What about endpoint telemetry from your EDR or next-gen EPP product? There is a renewed interest in endpoint data because remote employees don’t always traverse the corporate network, resulting in a blind spot regarding their activity and security posture. On the downside, endpoint data is plentiful and can create issues in scale and cost. The same considerations must be weighed regarding network packets as well.
But let’s table that discussion for a couple of sections since there is more context to discuss before truly determining whether you need to push all of the data into the security data store.
Once you get the obvious stuff in there, you need to go broader and deeper to provide the data required to evolve the SOC with advanced use cases. That means (selectively) pulling in application and database logs. You probably had an unpleasant flashback to when you tried that in the past. Your RDBMS-based SIEM fell over, and it took you three days to generate a report with all that data in there. But hear us out; you don’t need to get all the application logs, just the relevant ones.

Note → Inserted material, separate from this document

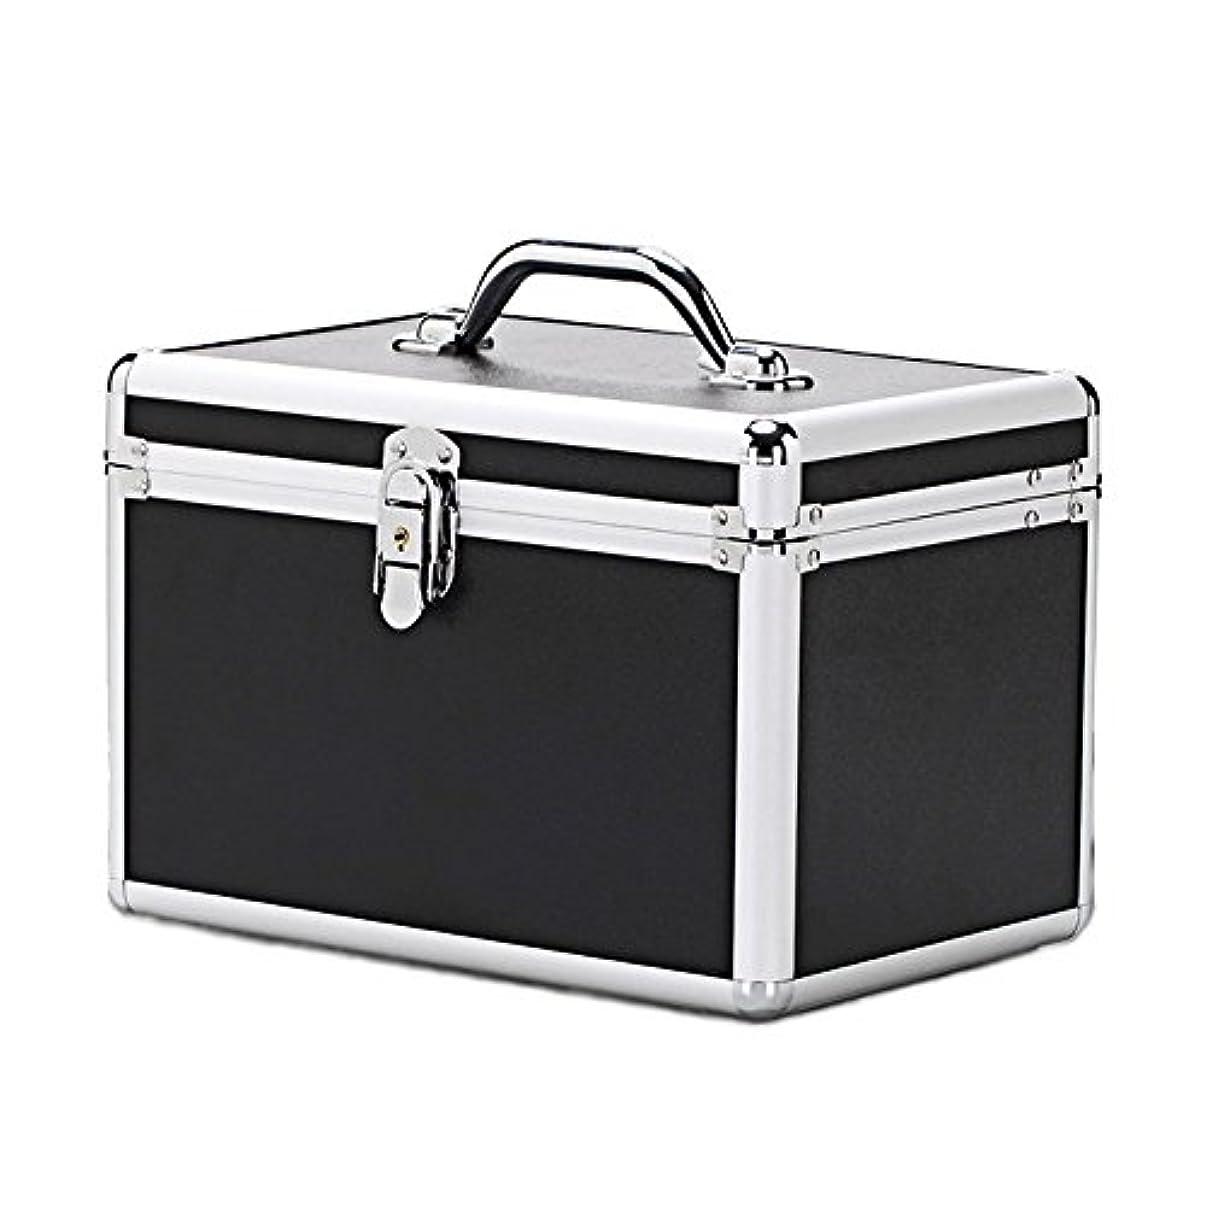 俳優オリエンタルベッドメイクボックス メイクブラシ 収納 トレー付き 大容量 NLS-3

Which brings us to the importance of threat models when planning use cases. That’s right, old-school threat models. You figure out what is most likely to be attacked in your environment (think high-value information assets) and then work backward. How would the attacker compromise the data or the device? What data would you need to detect that attack? Do you have that data? If not, how do you get it? Aggregate and then tune. Wash, rinse, repeat for additional use cases.
We know this doesn’t seem like an evolution; it’s the same stuff we’ve been doing for over a decade, right? Not exactly as the analytics you have at your disposal are much improved, which we’ll get into later in the series. Those analytics are constrained by the availability of security data. Yet you can’t capture all the data, so focus on the threat models and use cases that can answer the questions you need to know.
Given the cloudification of seemingly everything, we need to mention two (relatively) new sources of security data, and that’s your IaaS (infrastructure as a service) providers and SaaS applications. Given the sensitivity of the data going into the cloud, over the seemingly dead bodies of the security folks that would never let that happen, you’re going to need some telemetry from these environments to figure out what’s happening, if those environments are at risk, and ultimately to be able to respond to potential issues. Additionally, you want to pay attention to the data moving to/from the cloud, as detecting when an adversary can pivot between your environments is critical.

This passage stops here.